Елене Петровне было грустно. Признания Анны Павловны разбудили в ней память о былых радостях, отодвинутых суровой рукой необходимости. Она тоже когда–то мечтала стать матерью, родила девочку и похоронила ее. Тоска по ребенку долго ее не оставляла. Скорбь об умершей со временем поблекла, и тем сильней возгорелась тоска по новой привязанности. Она видела ребенка в мыслях, во сне и наяву и проклинала диссертацию, отнимавшую у нее досуг, минуты и часы, предназначенные ее сердцем для другого. Ее утешали не цветы, а зверьки, которые она любовно вписывала в картины мужа. Вид птичьей стайки на зеленом лужку, сурчиное гнездо в дремучем лесу и беззаботно скачущие суслики утоляли ее печаль и наполняли глубокой радостью. За диссертацией подоспели другие заботы, и мечта о ребенке вновь отодвинулась. Тоска стала глухой,
Пока они шли из дома в дом по деревне и Анна Павловна, играя с детьми, угощала их сластями, одаряла ласками, Елена Петровна думала, что придет день и хозяйка домашнего сада перестанет тянуться к цветам и отдаст свои чувства ребенку. Ей, Елене Петровне, этой радости уже не узнать, никакой врач не позволит ей, переболевшей раковой болезнью, стать когда бы то ни было матерью.
На пригорке показался желтый дом под тесом с резными наличниками, окрашенными в темно–синий цвет. Врач и ее спутница поднялись на крыльцо и вошли в просторную чистую избу. На кровати лежала женщина лет сорока. Ее окружали родные и знакомые. Муж, высокого роста, с широкими плечами и атлетической грудью, одной рукой прижимал к себе испуганную девочку, а другой укрывал жену. Больная изнемогала под теплыми одеялами, задыхалась от духоты.
— Прости меня, милая, — причитает сноха, утирая краем платка вспотевшие щеки, — прости, что не уважила тебя. Не помни зла, родимая, ни на этому ни на том свете.
— Прости нас, — повторил за ней муж, опустившись на колени, — прости… Кругом перед тобой виноваты.
Анна Павловна пробирается к кровати, щупает пульс у больной, приподнимает ее, чтобы выслушать легкие.
— Почему вы ее в больницу не свезли? — строго спрашивает врач у богатыря.
— Не надо, — шепчет больная, — дома помру, промеж своих.
Врач снова выслушивает сердце и еще раз щупает пульс.
— Как тебя зовут? — спрашивает она, поглаживая шелковистые волосы больной.
— Настя.
— Хорошее имя. Мою мать звали Настей. Кто тебе сказал, что ты умираешь?
Врач испытующе смотрит на мужа, переводит глаза на сноху. Он угрюмо ворчит:
— Сами видим и понимаем, что зря говорить.
Врач больше не смотрит в его сторону, не слушает, что говорит сноха.
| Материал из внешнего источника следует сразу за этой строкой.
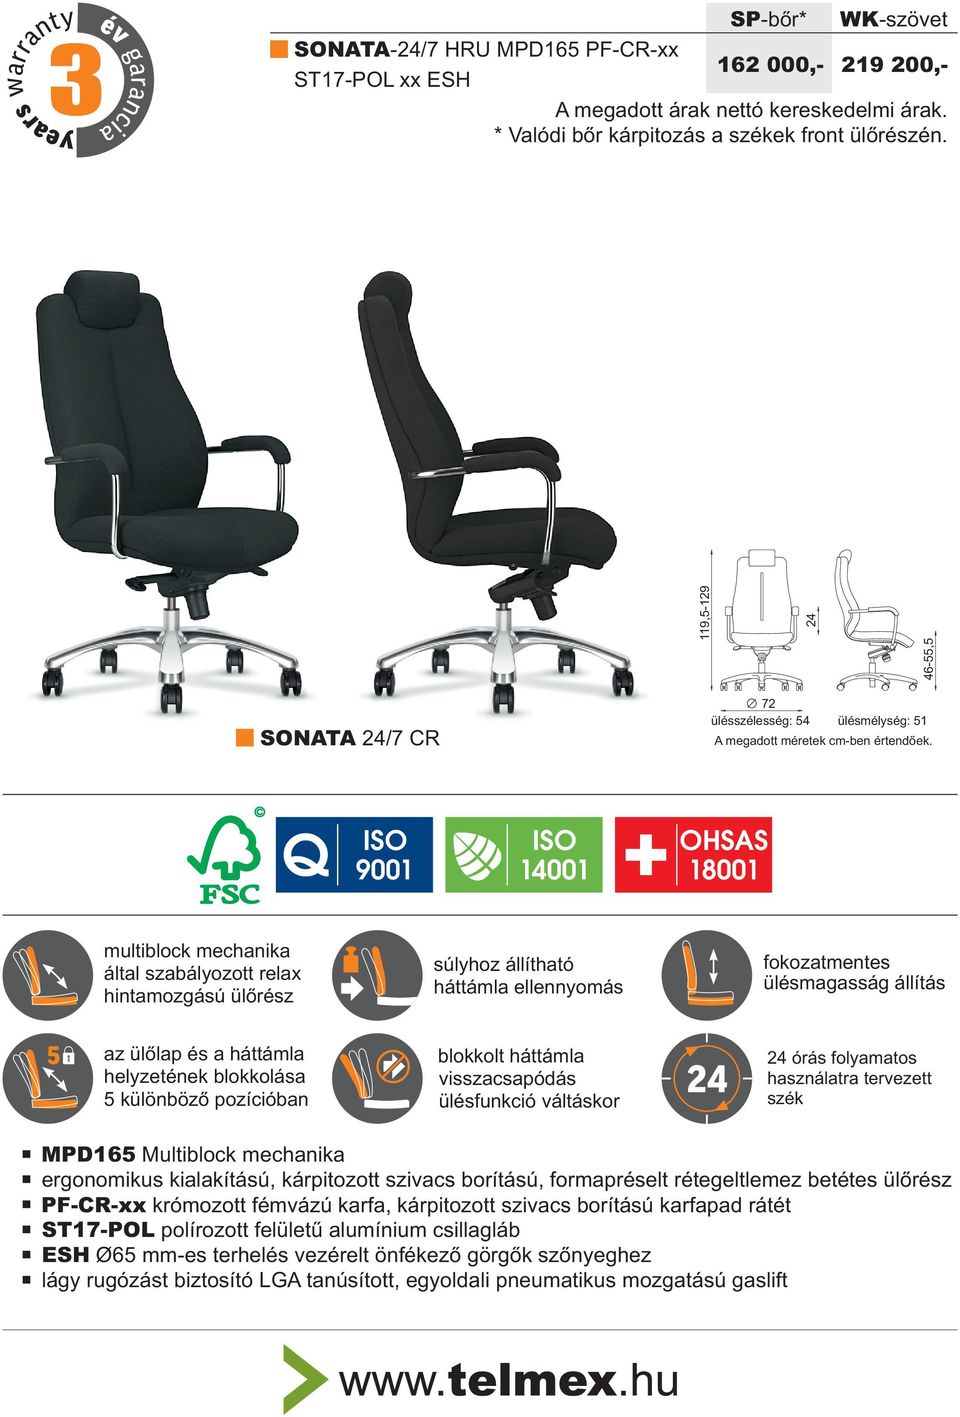 Q ISO ISO 9001 14001 OHSAS 18001 multiblock mechanika által szabályozott relax hintamozgású ülõrész súlyhoz állítható háttámla ellennyomás fokozatmentes ülésmagasság állítás 5 az ülõlap és a háttámla

Она распахивает окно и гасит свечу у кровати.
— И не стыдно тебе, Настенька, без меня помирать? Не попрощавшись?
В голосе звучат обида и шутливый упрек. Анна Павловна кладет руку на плечо больной, переносит на лоб и мягко касается исхудавшего лица.
— В одну ночь меня скрутило, — жалуется больная, — опомниться не успела.
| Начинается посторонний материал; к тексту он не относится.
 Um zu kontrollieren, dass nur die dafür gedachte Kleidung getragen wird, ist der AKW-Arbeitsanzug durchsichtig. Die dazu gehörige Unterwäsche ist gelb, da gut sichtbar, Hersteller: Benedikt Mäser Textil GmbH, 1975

Она рассказывает, как ночами лежала без сна, ждала смерти. Врач слушает ее, кивает головой и переспрашивает:
— Смерти ждала, вот уж зря! Не ко времени надумала. Свезем тебя в больницу — и делу конец.
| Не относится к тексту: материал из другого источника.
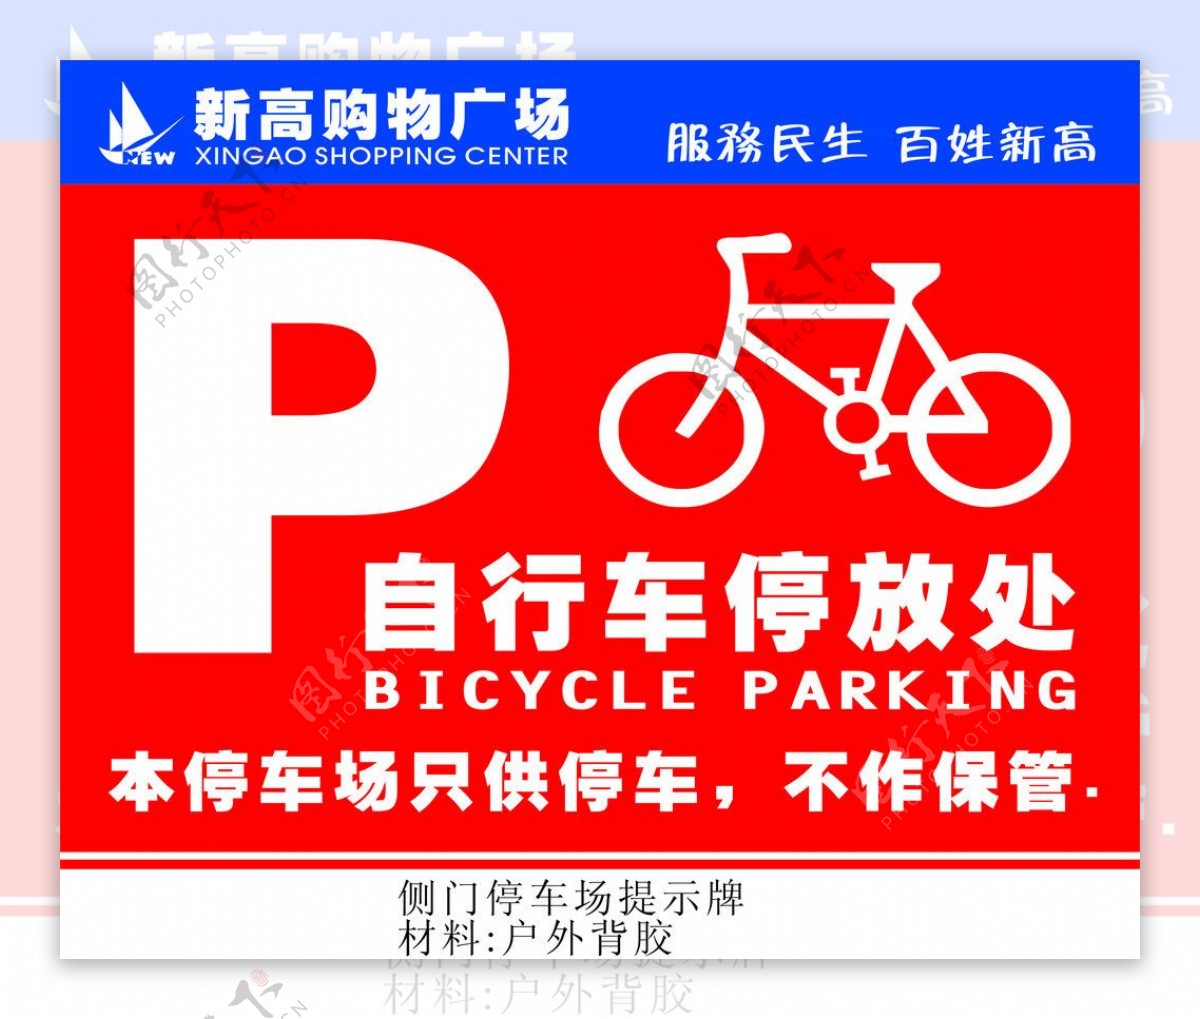 自行车停放区图片

Теперь лишь Анна Павловна заметила фельдшера. Он стоял в стороне и не сводил с нее напряженного взгляда. Бледное лицо его выражало тревогу.
— Вот и Петр Васильевич подтвердит, верно я говорю? Что с вами, — спрашивает она его, — вы нездоровы? Ступайте домой и лягте в постель. Я зайду и послушаю вас.
Она нисколько не шутит, во взоре у нее сочувствие, ни капли лукавства.
— Ну–ка, муж, — звучит ее решительный голос, — запрягай! Живо мне Настеньку в больницу доставить. А вы расходитесь, нечего здоровую хоронить!
— Анна Павловна, — шепчет болбная, — не увозите. Даст бог, выздоровею, я вам за то воротничок свяжу.